■ Source material:
•••••

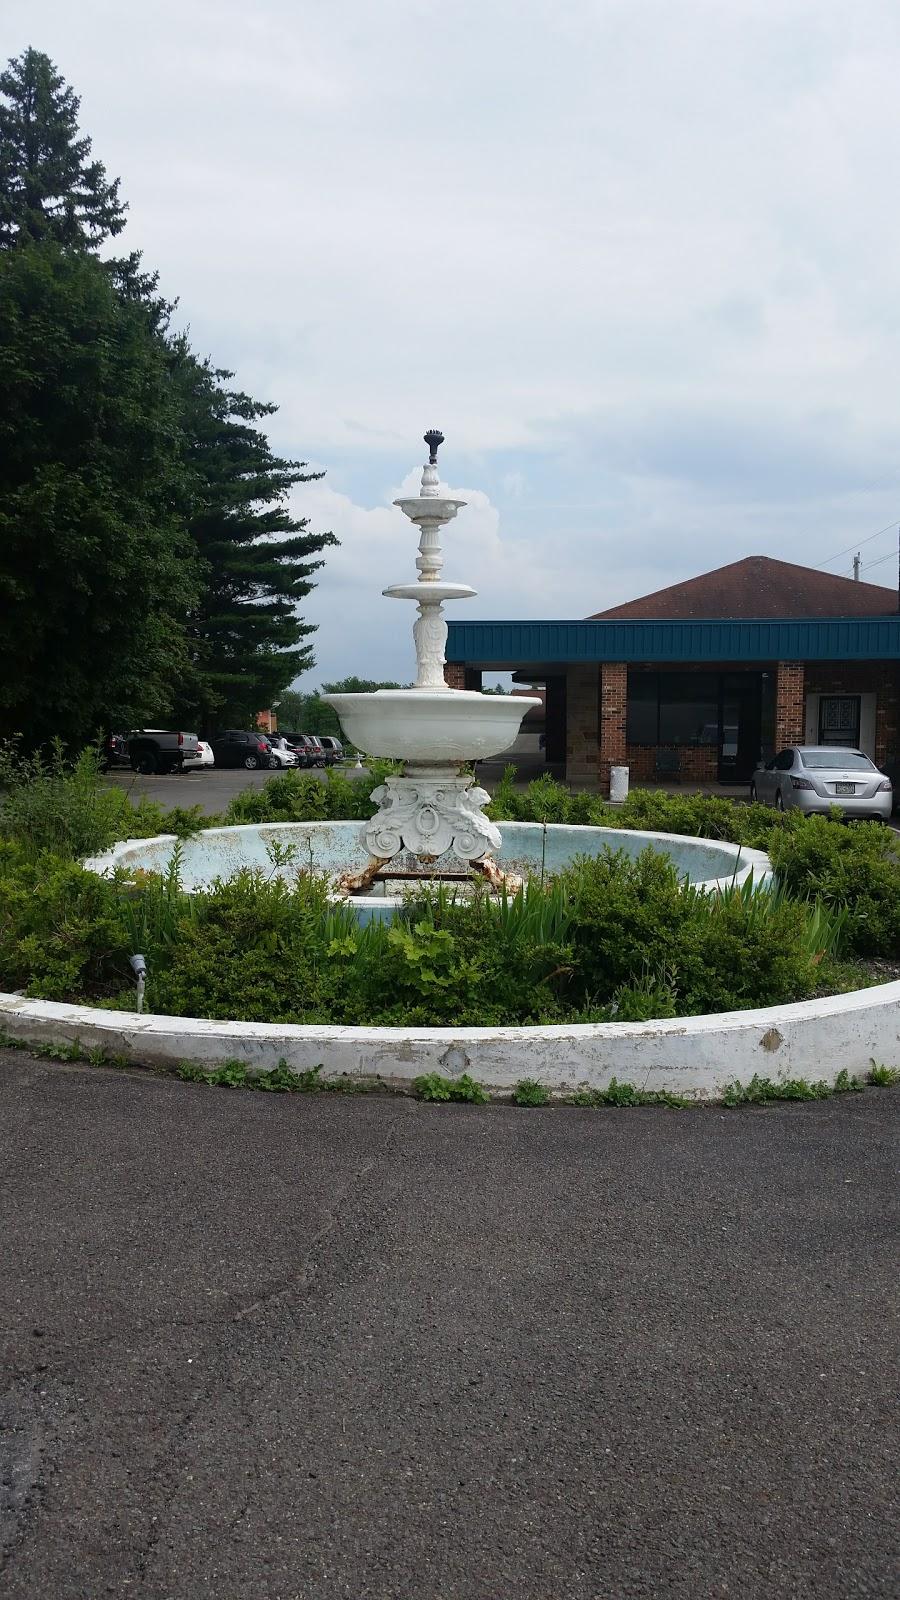 Mount Pocono Motel - lodging  | Photo 1 of 10 | Address: 112 Cleveland Ave, Mt Pocono, PA 18344, USA | Phone: (570) 839-0700
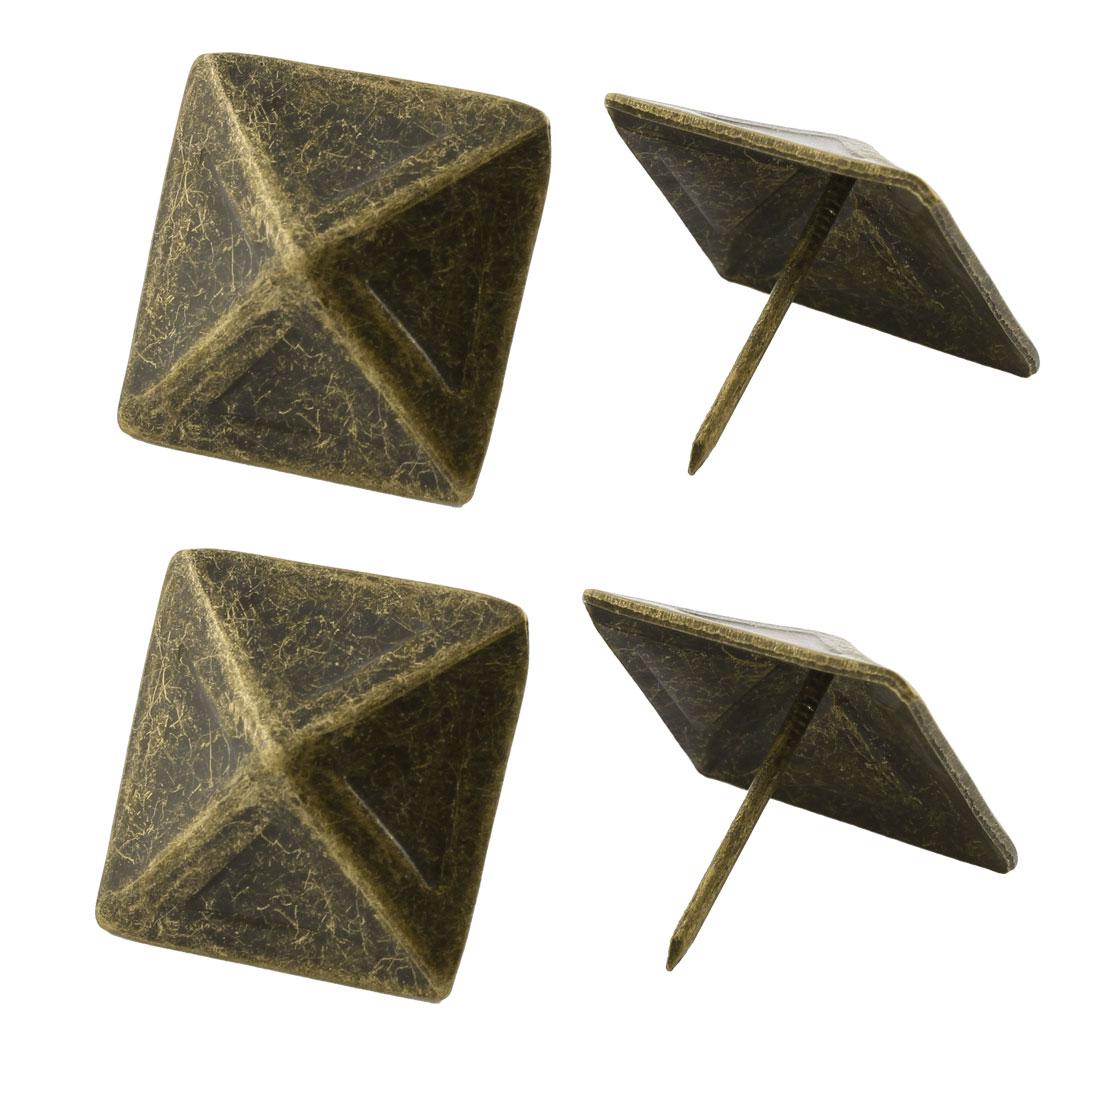 3cm Metal Square Pin Furniture Decorative Domed Nails Bronze Tone 4Pcs
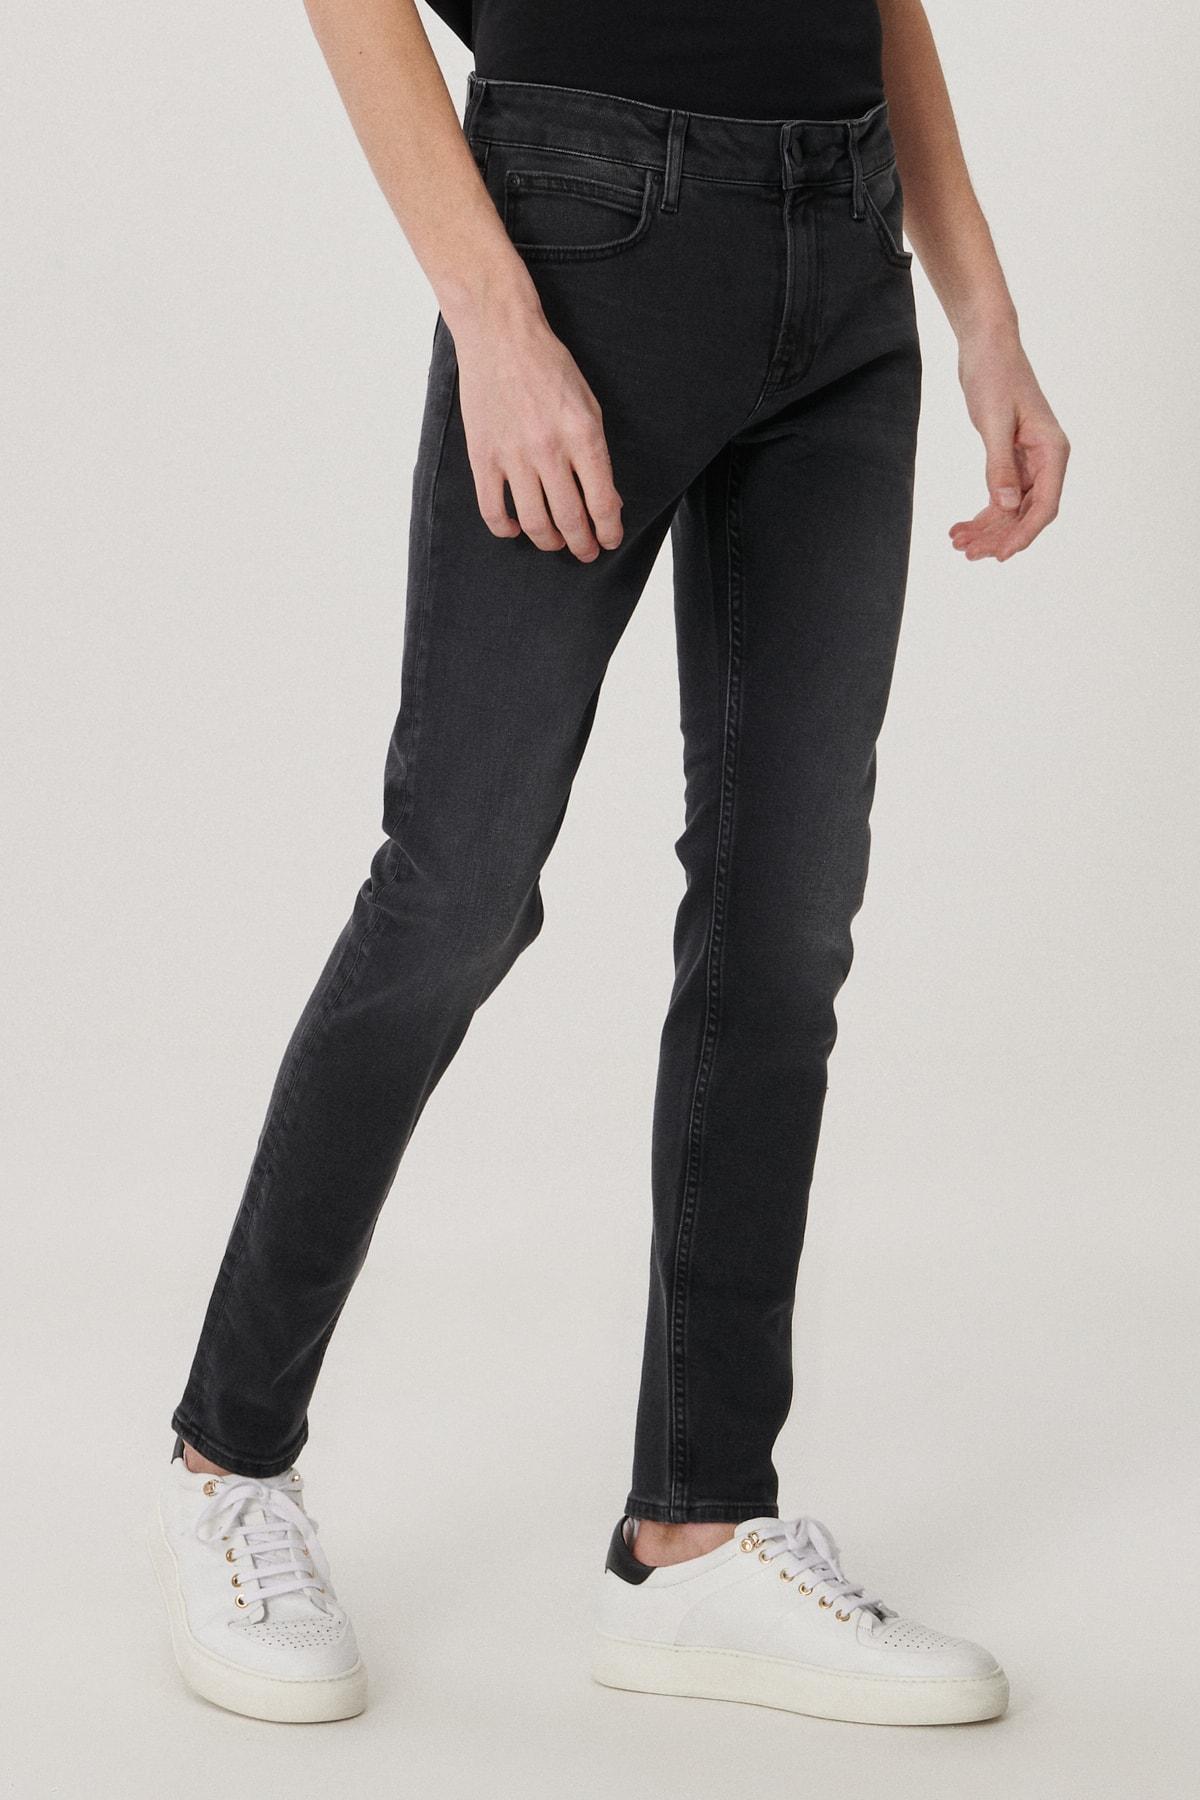 Malone Erkek Koyu Gri Skinny Normal Bel Çok Dar Paça Esnek Jean Pantolon

•••••

■ Task goal:
Return the full listing exactly as written, without any of its images.

■ Response to this exercise:
 Mount Pocono Motel - lodging  | Photo 1 of 10 | Address: 112 Cleveland Ave, Mt Pocono, PA 18344, USA | Phone: (570) 839-0700
 3cm Metal Square Pin Furniture Decorative Domed Nails Bronze Tone 4Pcs
 Malone Erkek Koyu Gri Skinny Normal Bel Çok Dar Paça Esnek Jean Pantolon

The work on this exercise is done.